Most of the stuff that comes through the pathology lab is pretty small, of course. The surgeons might take off a wart, or dig out a cyst or a small tumor, or take out an appendix. All of these things first go into the ‘gross room’ — and no, I’m not making this up. As appropriate as the name sounds to those of us not used to looking at people’s insides, the ‘gross’ in ‘gross room’ refers to the relative size of the specimen, not the gag-me-with-a-stethoscope factor. Most samples that come in are ‘gross’, and then they’re processed and sliced and made into microscope slides, or ‘microscopic samples’. (Or sandwiches, depending on what the cafeteria’s serving that day.)

Anywho, as I said, most of the gross room material is pretty small. It sits there in Petri dishes until someone takes a picture of it for the records, and then it gets processed. But sometimes, a more radical procedure’s been performed on the patient, and you end up with a kidney. Or a liver. Or a leg, from the thigh down. This is when ‘gross room’ lives up to its name.

So, I was an intranet programmer at the hospital I was at. But the office I worked in was down the hall from the gross room. And, of course, as I was walking by each day, I just had to look in, despite my already queasy stomach that I’d just shoved cafeteria slop into. Most days, I wouldn’t see much of anything at all. Either the samples were too small to spy from the doorway, or it was a slow day. Other days… well, there’s some nasty business that goes on in the operating rooms, folks. I’ve seen dismembered hands — with and without arms, feet, single toes, livers, kidneys, all manner of other unidentifiable (at least by me) organs, and several things that looked a lot like ground beef. I didn’t ask. There was also a lung or two, or at least large chunks of something that used to be a lung. Believe me, if I smoked at that point, I’d have never smoked again. (On the other hand, healthy lung sitting on the table in a metal tray isn’t really that much prettier, so maybe I was overreacting a bit.)

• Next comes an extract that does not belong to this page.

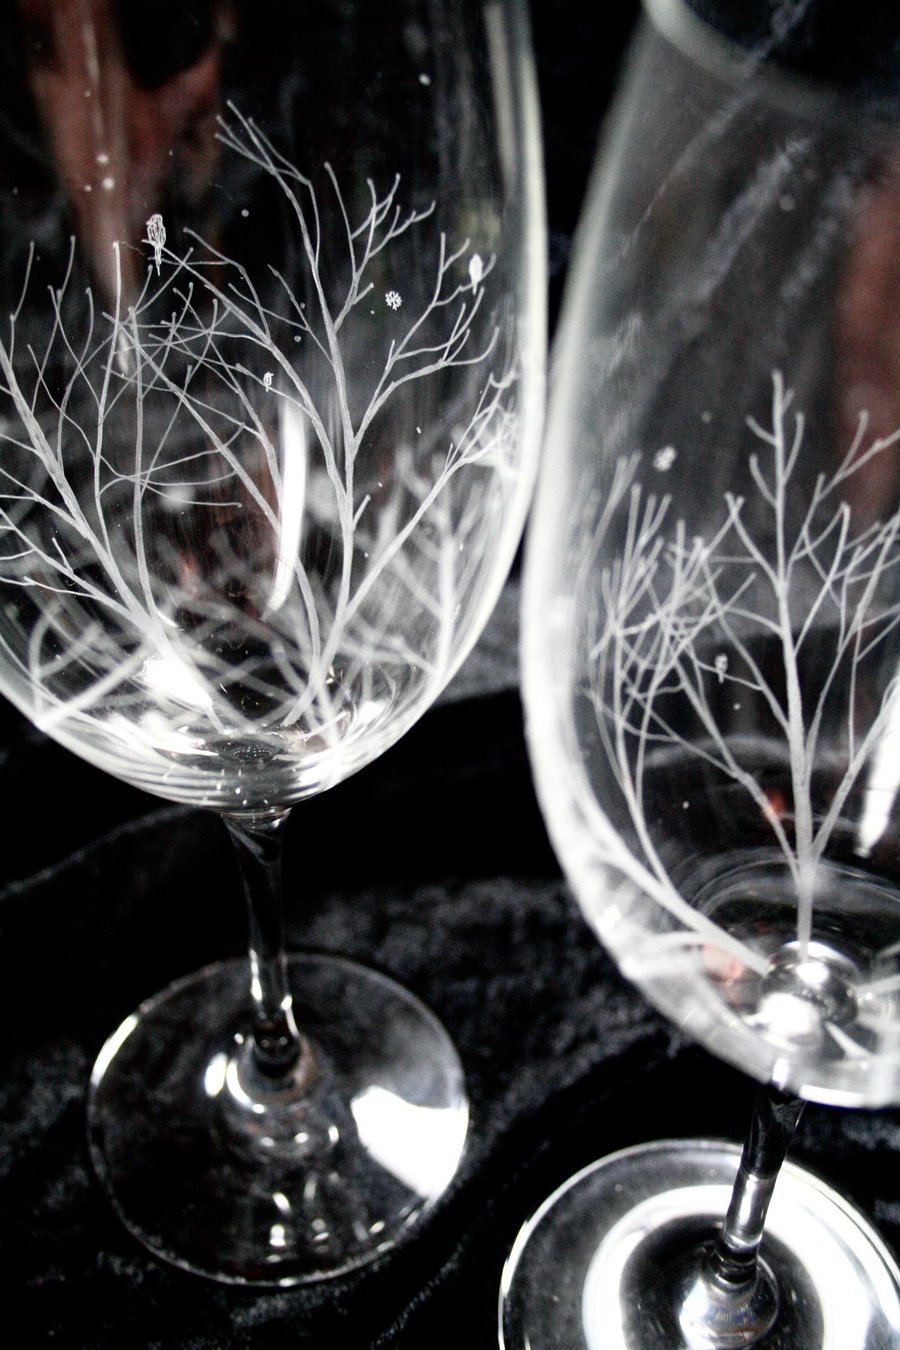 Pair of Winter Woodland Wine Glasses

I even got to know a couple of the guys that worked in the gross room, so I could weasel my way in for a good look, or a detailed explanation, if the sample was really weird. I’d get to hear about how the arm got mangled in some machinery, or how a liver should be that color, but never this color, so that’s why the guy needed a transplant. So I learned a little along with the gore, and even got used to seeing most things that showed up there. Still, I always did a double-take when I peeked in and saw a hand or an arm lying on the table. I dunno — maybe it’s a horror movie thing, or maybe I watched the Addams Family too much when I was a kid. But I always wondered whether, if I just stood there long enough, the thing would start twitching and moving around. Luckily, though, it never did. Which was good — I was just barely able to keep the cafeteria food down as it was.